It’s simple for a corner bar to add a couple new beers: pick and price the week’s drafts, write it up on a chalkboard and you’re done. When you’re directing beverage operations for a national corporation it’s not that easy. You’ve got availability issues, POS purchases and marketing focus to consider. Craft beer’s strong margins and surging popularity are attractive, but they historically haven’t been worth the extra effort, costs and brand diffusion.
That’s changing. The Samuel Adams brands have effective national distribution, Redhook and Widmer have piggy-backed onto the Anheuser-Busch InBev distribution network, and Coors has a hit with the craft-like Blue Moon. More and more operators have added these beers to their line-up.
So if you want to differentiate your locations, craft is not enough. You might want to think about the next step: going local. “We have for many years mandated Sam Adams,” says Hard Rock’s Cindy Busi, “and it continues to outperform most of the other craft beers.

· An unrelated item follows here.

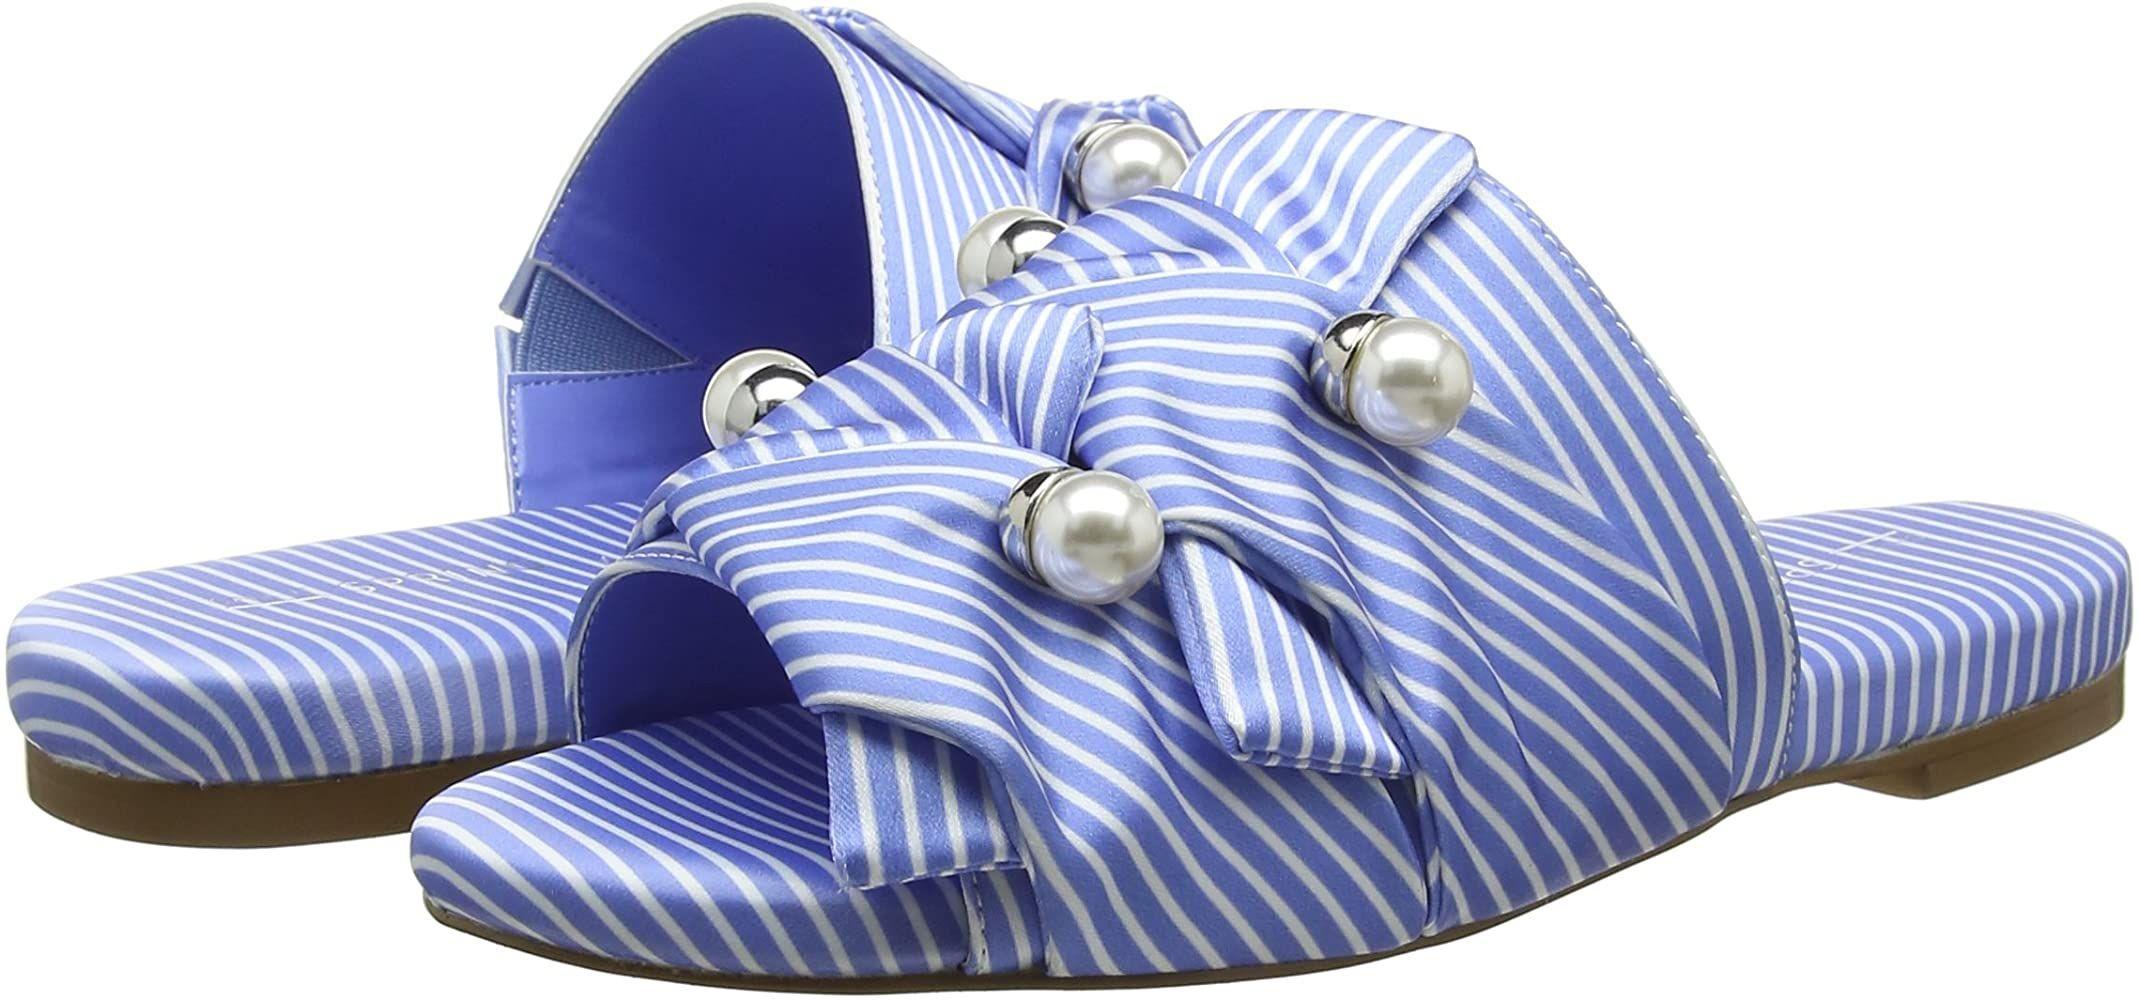 TALLA 37 - Sandalia plana para mujer con púas, pliegues y perlas

However, in markets like Denver, they have a strong demand for the local craft beers, which do very well for them.”
Whether your competition is another national chain or a strong local operation, chances are they’re considering adding regional beers to their menu. In the West, it might be craft beers such as Stone or Deschutes. In the East, it could be Yuengling Lager, an Established Growth brand since 2005.
It might even be your own beer. At Baltimore-based, nine-unit Phillips Seafood, they have a house beer brewed for them by local craft brewer, Clipper City. “It’s Phillips Amber ale, and that’s our biggest seller,” confirms corporate beverage director Jennifer Cooke. “Our staff pushes it, and people like to drink local.”
Consider the costs and risks, then consider the profits and loyalty that local and regional crafts could bring you. Maybe it’s time to buy a chalkboard.